I have offered my own supposition that musicians devised their own
temperaments based on the needs of the literature they encountered, and
that written documentation is most likely after the fact. This is exactly
the situation indicated by Marpurg (1776):

There is only one kind of equal temperament but countless possible types
of unequal temperament. Thus the latter opens up to speculative
musicians an unstinting source of modifications, and since every
musician will readily invent one, the result will be that from time to
time we shall be presented with a new type of unequal temperament, and
everyone will declare his own the best.

[end of quote]

Late, yes, but it is the practice of each musician finding his own
solution that I wish to point out.

Joseph's problem is what we might call Chronic Revolutionary Syndrome.
He and I are both old enough to remember when we had to fight against
the then prevailing idea that Bach wrote the WTC to show how great ET
was. It is common for revolutionaries to swing too far in the opposing
direction, which may in fact be necessary initially to begin tipping the
balance. But the danger is always that of going too far, so far that you
keep on going into extremism in the other direction. This seems to be
Joseph's current position. He would have us believe that not only did
Bach NOT advocate ET, but (at least early on) he was a old-fashioned
conservative, ignoring the general trends of his time and sticking to
the temperaments of earlier centuries, an anachronistic hold-over
unaware of the debates ragging around him.

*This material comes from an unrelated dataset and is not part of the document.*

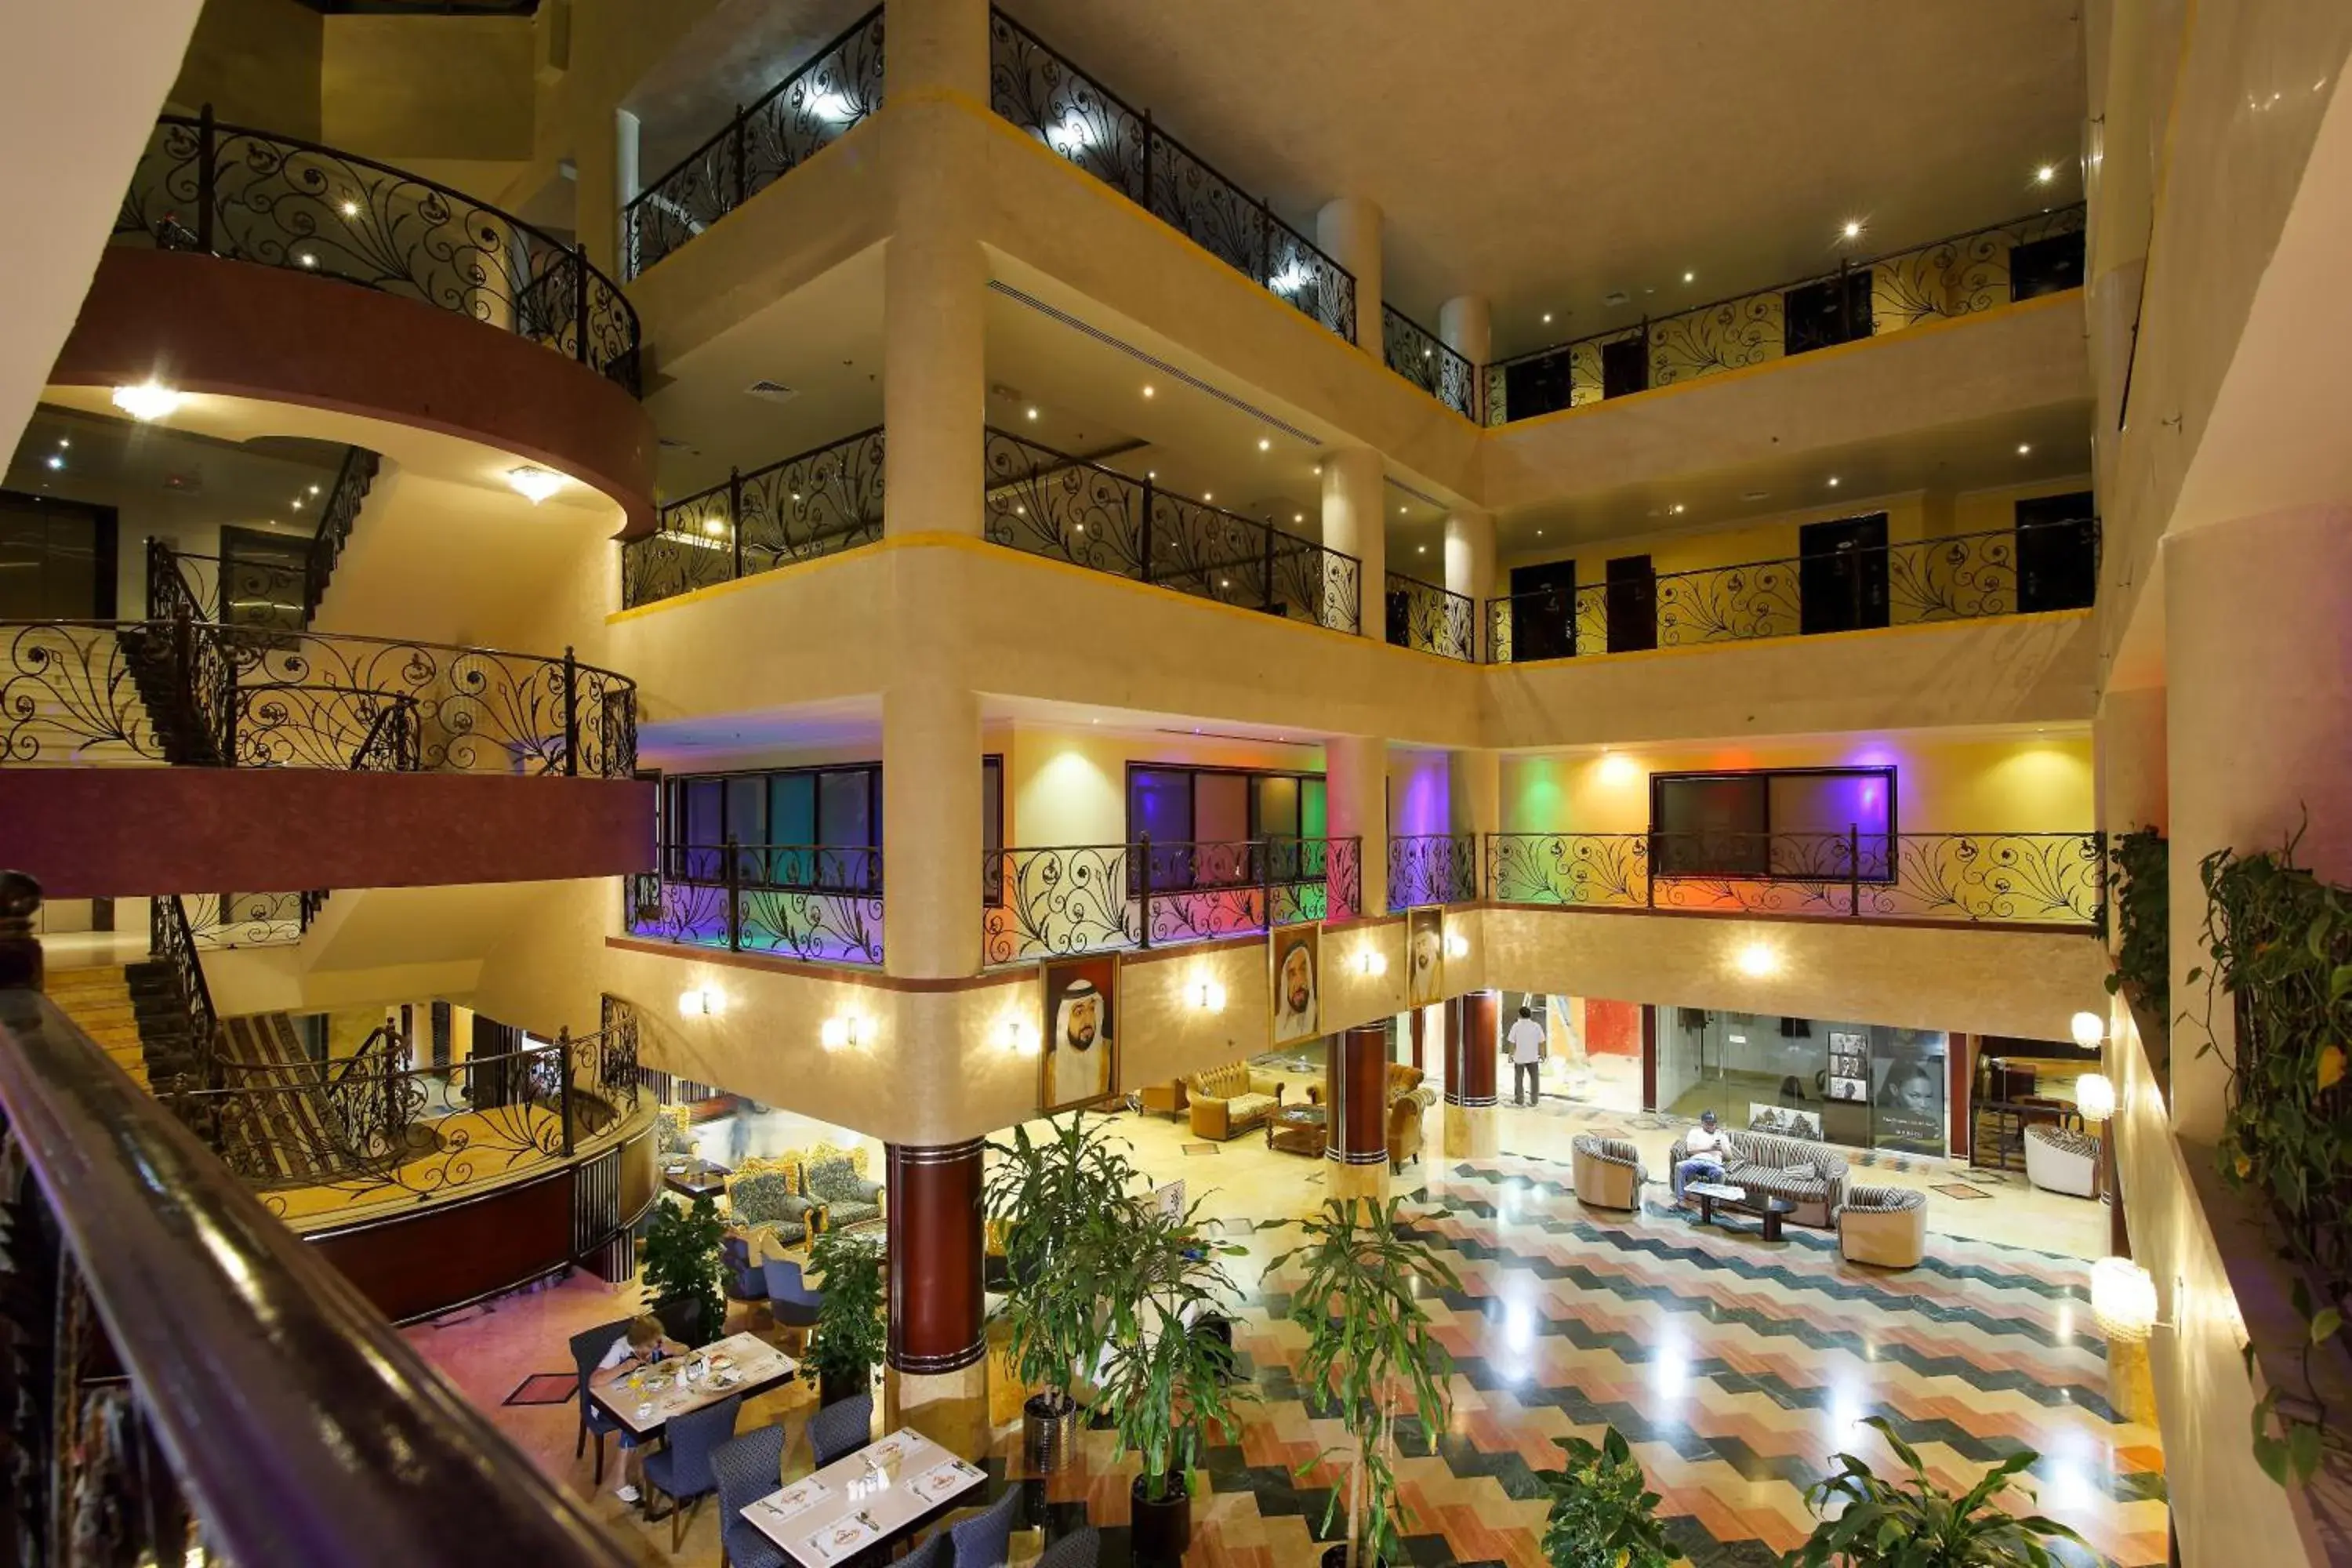 Lobby or reception in Al Bustan Hotel
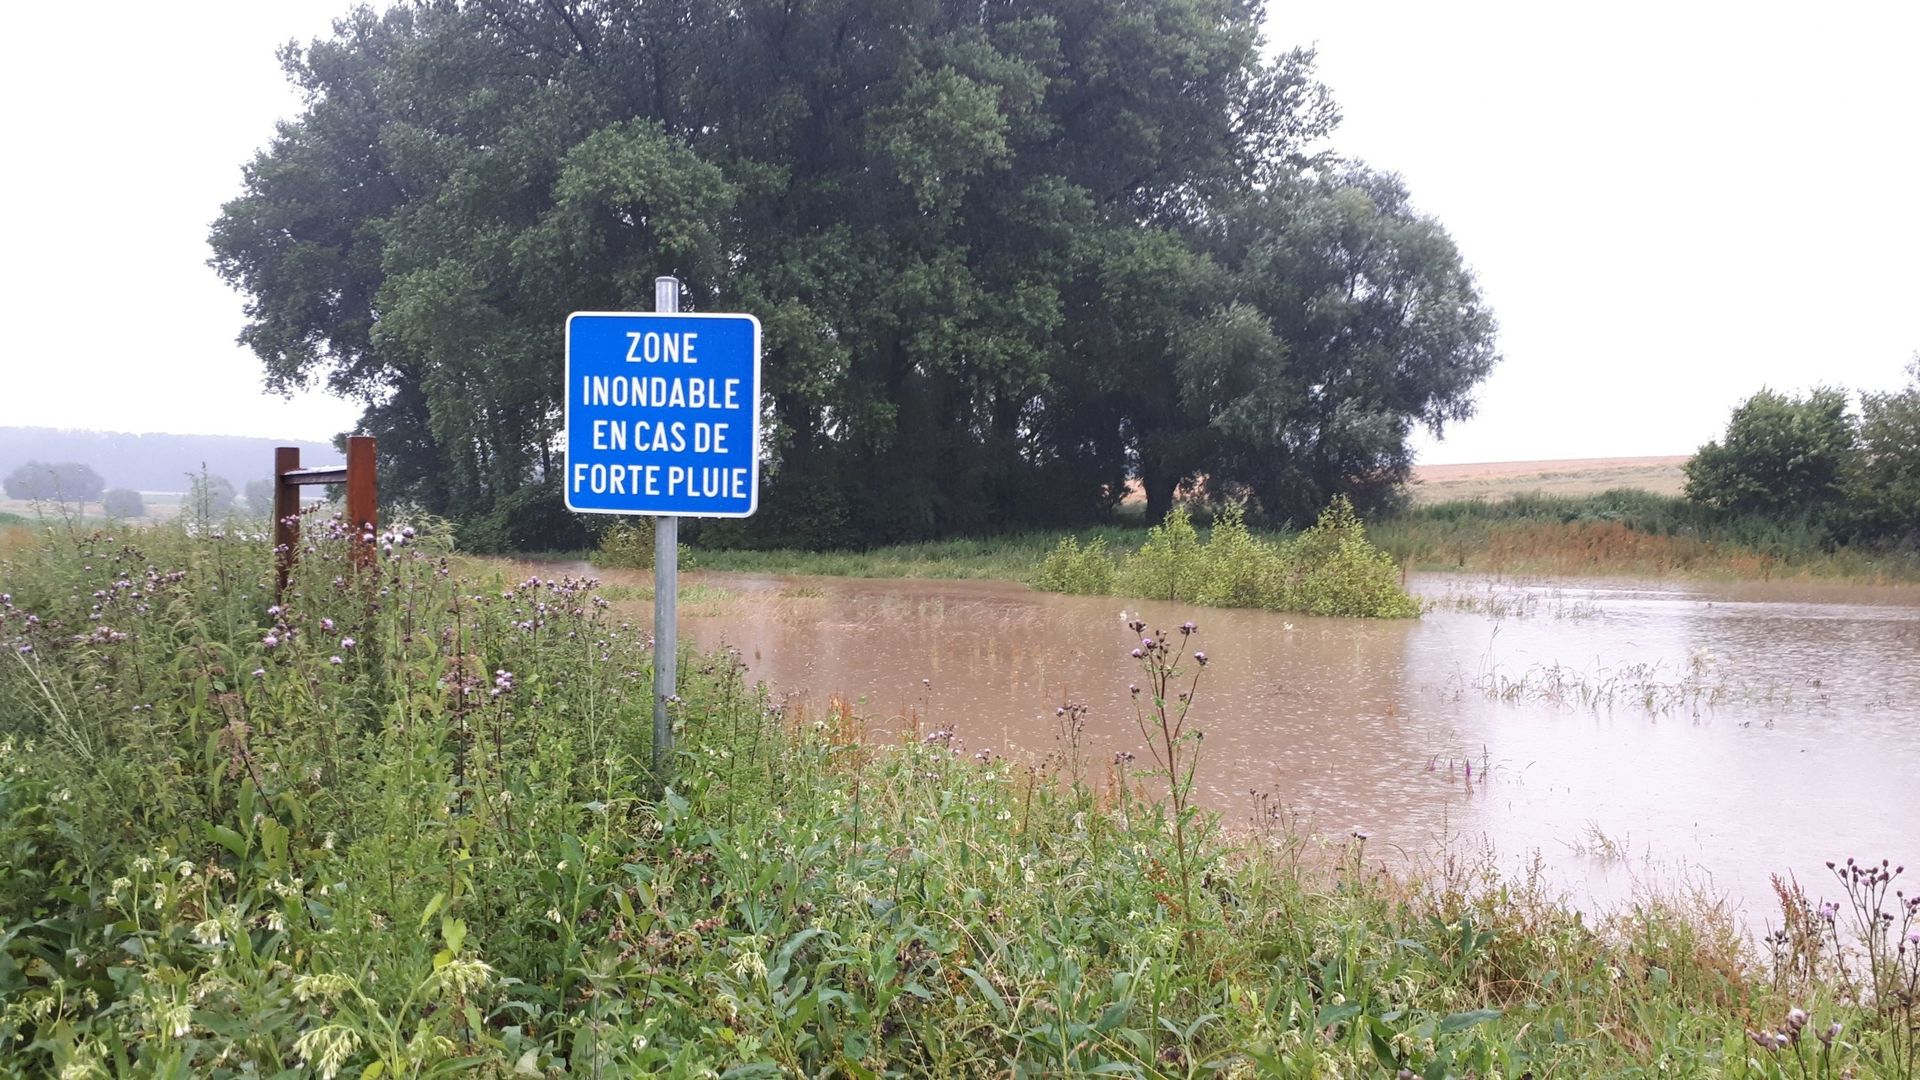 La commune de Soignies a connu de nombreux épisodes d’inondations

This may produce
"interesting" sounding recordings, but does nothing to help correct the
situation. Actually, considering the degree of audible distance of both
near meantone temps and equal in comparison to more historically
plausible "Bach" temperaments (i.e., Valotti- or Neidhardt-like well
temperaments), I would posit that Joseph's use of the former is a
greater falsification of the original sound of this music than
performances/recordings which make use of equal temperament. Musicians
themselves are also somewhat to blame for this skewed idea of historical
intonation: many harpsichordists are unaware of all but the most basic
well temperaments, such as Kirnberger and Werkmeister, and these
easy-to-set though unsophisticated systems find a current frequency of
usage which probably has little historical basis, again creating a false
impression of the severity of the harmonies in much of the music in Bach.

Hopefully the pendulum will eventually swing back again until it comes
to rest at the middle point suggested by the cool-headed scholarly work
of Lindley and others. But until those who offer their professional
services as producers/technicians of "historically informed" recordings
actually become "historically informed" themselves, we are no better off
than we were in the 1950's in this respect.

PP

PS Because of space, I have left reams and reams of info out in this
selection of quotes from Lindley. I recommend the article to everyone.

For anyone who wants to try them, I can give you the cents deviation
from equal for various Neidhardt and Sorge temperaments for tuning by
machine. If you want to set them by ear, I can give you the comma
division logic, and you'll have to work out your own beat rates/tuning sequence.